Литмир - Электронная Библиотека
A
A

«Мамочка моя!» – чуть не ахнул я. Почему-то лишь сейчас до меня дошло, что я со всей своей возней провел в шестнадцатом веке чуть ли не три с половиной года. Раньше как-то не до подсчетов было, а тут… Неужто три с половиной?! Ну да, так и есть, угодил-то я сюда, если по-местному, весной семь тысяч семьдесят восьмого, то есть, если от Рождества Христова, в тысяча пятьсот семидесятом, а ныне… Стоп-стоп! Наш-то год еще не закончился. Получается, на дворе пока что конец лета семьдесят второго, и осенью, включая первый месяц зимы, тоже будет семьдесят второй, который продлится аж до 31 декабря. Тогда выходит, что я здесь блукаю гораздо меньше – всего два с половиной года. Ну это еще куда ни шло, хотя тоже хорошего мало…

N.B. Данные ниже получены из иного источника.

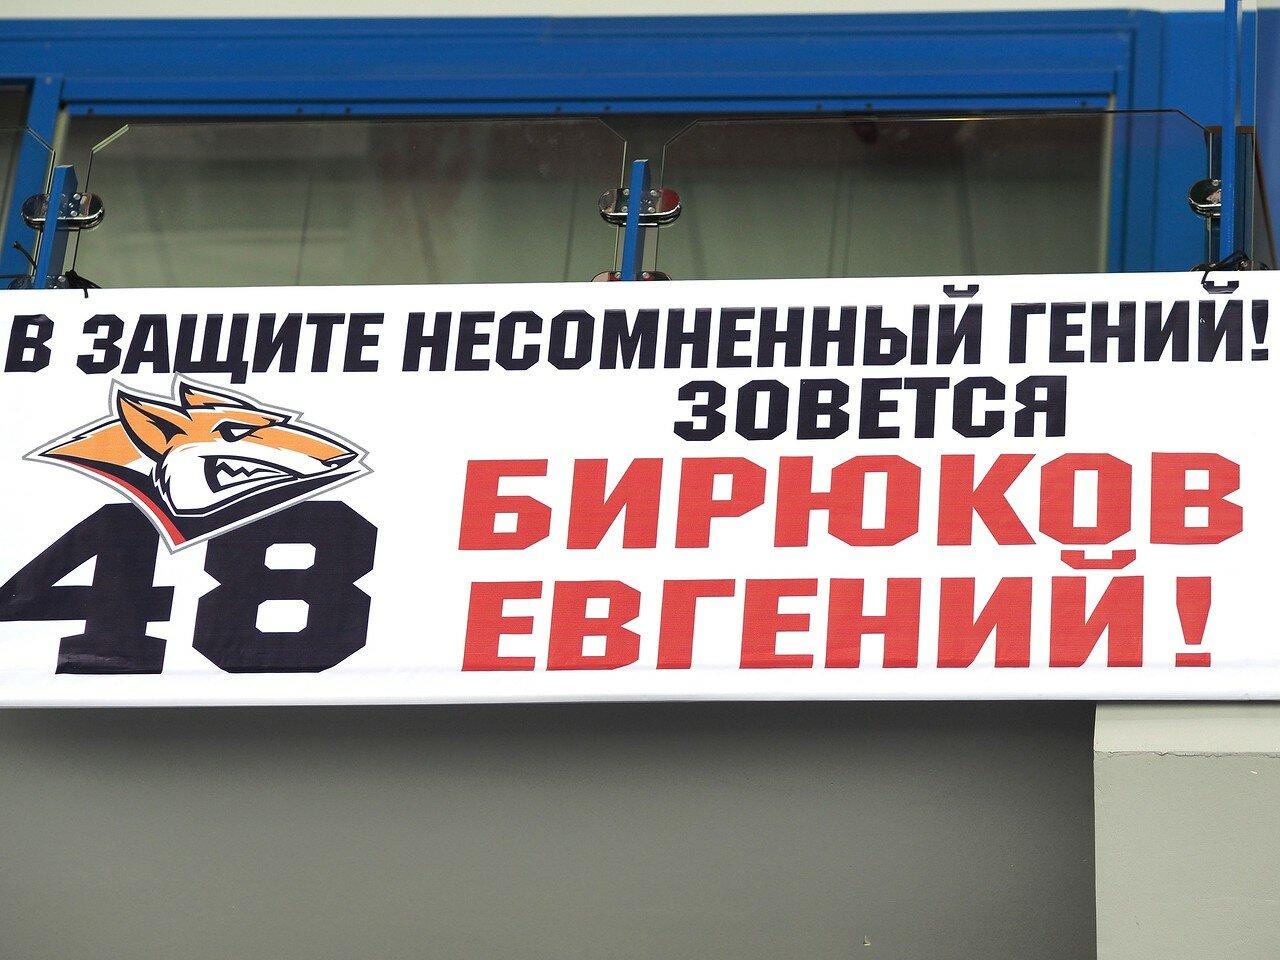 155Восток 1/2 плей-офф Металлург - Сибирь 08.03.2016

– А ежели не явимся к ответу, стало быть, на тебе вина, – донесся до меня издалека голос князя. – Ладно, до вечера составим челобитную, а уж к завтрему поутру… – И пожаловался, кивая в сторону невидимых колоколов: – Ох как они громко надсаживаются-то.

– Это не к заутрене звонят, – уныло поправил я его. – К обедне.

– У-у… – протянул Воротынский полуогорченно, но в то же время полуоблегченно, поскольку ехать становилось уже поздно и можно было бережно отнести больную голову к мягкой перине.

Челобитную ближе к вечерне мы все же составили, но, по моей просьбе, в самых обтекаемых выражениях и без единого упоминания о ведьмах, корешках и самой царской невесте.

Нет ее. Все. Померла. Шабаш.

Даже о серьгах я не помянул, заметив, что коли Андрей Тимофеевич не дурак, то он тоже о них ничего не скажет.

Он и не сказал. Зачем? Всего остального в челобитной, которую Долгорукий успел подать царю, хватало с избытком. Хорошо хоть то, что мы назавтра разминулись с царскими гонцами, посланными за мной. Когда они подъехали к подворью Воротынского, мы уже находились на полпути к Кремлю, то есть прибыли сами, без зова.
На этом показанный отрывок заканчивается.